How to Detect and Fix Terraform State Drift

Written by Arunav Sarkar | May 11, 2026 1:52:16 PM

Quick Answer

Detect: Run terraform plan -refresh-only to see drift without touching infrastructure.
Fix: Run terraform apply to revert, OR terraform apply -refresh-only + update config to accept the change, OR terraform import for untracked resources.
Prevent: Restrict console access, use remote state with locking, and schedule nightly CI drift checks.
Scale: Use HCP Terraform, Spacelift, or env0 for automated continuous drift monitoring across workspaces.

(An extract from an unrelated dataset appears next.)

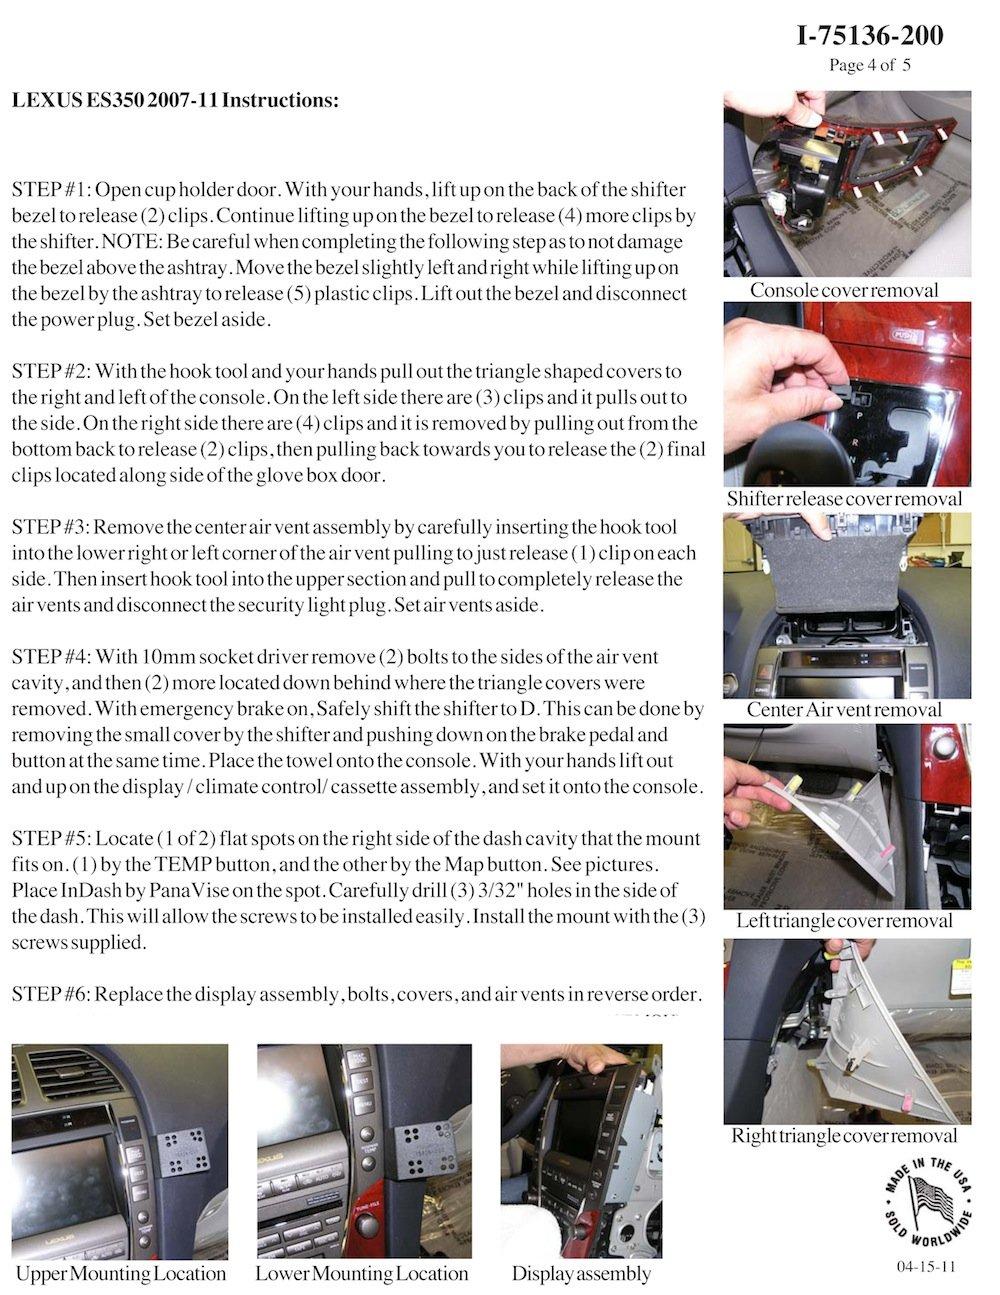 Padholdr Utility Series Premium Locking Tablet Dash Kit for 2002-2011 Lexus ES350 LS460//L and SC430

You write Terraform, you apply it, you merge the PR — and everything matches. Until it doesn’t. A week later, an on-call engineer makes a quick fix in the AWS console at 2 AM. An autoscaler quietly tweaks a resource. A third-party security tool modifies a rule. Terraform’s state file has no idea any of this happened.

The result is infrastructure drift: the quiet gap between what your configuration says should exist and what actually runs in production. Left unchecked, drift causes surprise plan outputs, compliance violations, runaway cloud costs, and the kind of 3 AM incident where nobody can explain why Terraform wants to destroy a database that’s serving live traffic.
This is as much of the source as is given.